Foreign Exchange Products

We believe trading volume for foreign exchange products declined in the first quarter of 2009, when compared with the same period in 2008, due largely to extreme market volatility, convergence of global interest rates and increased risk aversion by market participants resulting from the recession. The average daily volume for the Japanese yen products decreased 41% to 90,000 contracts per day in the first quarter of 2009. In the first quarter of 2009, the average daily volume of electronically-traded foreign exchange products accounted for 96% of total foreign exchange average daily volume compared with 94% in the same period of 2008.

Commodity and Alternative Investment Products

The overall trading volume for commodities increased in the first quarter of 2009 when compared with the same period in 2008 due primarily to the addition of exchange-traded NYMEX products to our existing product lines. NYMEX products consist mainly of energy futures and options as well as futures and options on precious and base metals.
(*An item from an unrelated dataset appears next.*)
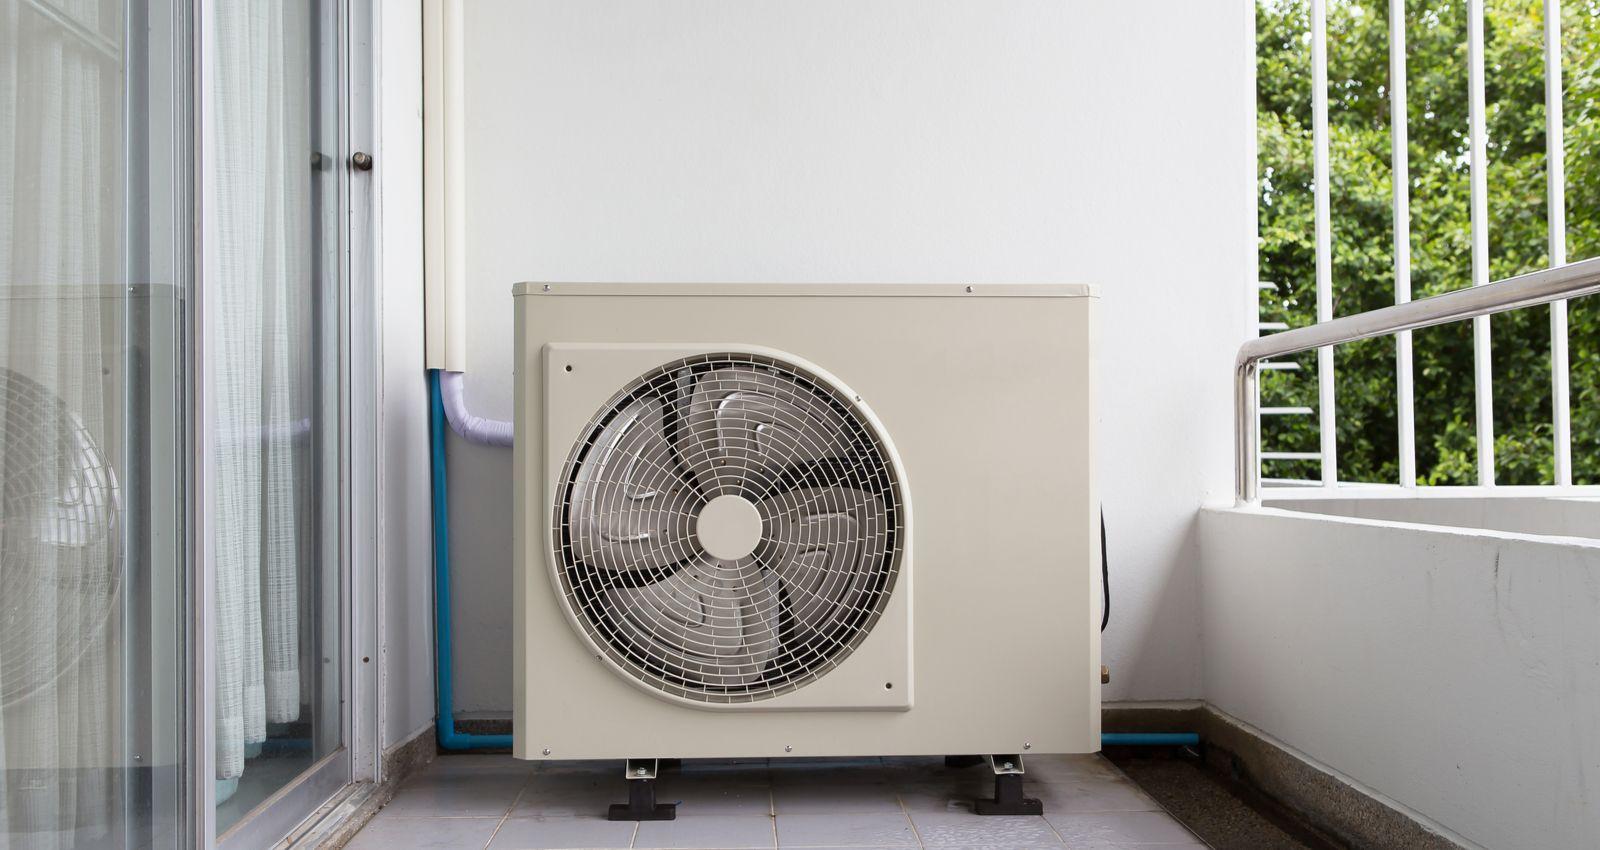 100 Génial Suggestions Peut On Installer Une Climatisation Dans Un Appartement

During the first quarter of 2009, volume for standard corn products decreased by 24% to an average of 237,000 contracts per day. Average daily volume of standard soybean products declined by 24% to 167,000 contracts in the first quarter of 2009 when compared with the same period in 2008. We believe the decline in overall commodities volume was due primarily to the decreased investment in commodities as an asset class resulting from the recession.

CME ClearPort Services

Average daily volume for over-the-counter contracts cleared through CME ClearPort (formerly NYMEX ClearPort prior to the merger in August 2008) increased by 33% to 0.6 million contracts in the first quarter of 2009 when compared with the first quarter of 2008. Contracts cleared through CME ClearPort include primarily natural gas, crude oil and other energy-related contracts. The revenue contributed by CME ClearPort clearing services was $67.0 million in the first quarter of 2009. Approximately 91% of CME ClearPort revenue in the first quarter of 2009 was attributable to natural gas, petroleum and crude oil contracts.

Average Rate per Contract

In the first quarter of 2009, the increase in the average rate per contract when
compared with the same period of 2008 contributed to an increase in revenues.
All amounts in the following table exclude TRAKRS and Swapstream products.



                                                 Quarter Ended March 31,
                                                   2009            2008       Change
 Total volume (in millions)                           633.7           833.8      (24 )%
 Clearing and transaction fees (in millions)   $      527.7    $      524.9        1
 Average rate per contract                     $      0.833    $      0.630       32

The increase in the overall rate per contract was primarily attributable to the addition of NYMEX products and CME ClearPort services to our existing offerings. For the first quarter of 2009, average rates per contract for NYMEX products and CME ClearPort services were $1.476 and $1.745, respectively. In addition, the overall rate per contract increased due to a lower portion of CME interest rate products as a percentage of total volume compared with CME equity products, which have a higher rate per contract. As a percentage of total volume, equity products trading volume increased by 13% in the first quarter of 2009, while interest rate products volume decreased by 16% when compared with the same period in 2008.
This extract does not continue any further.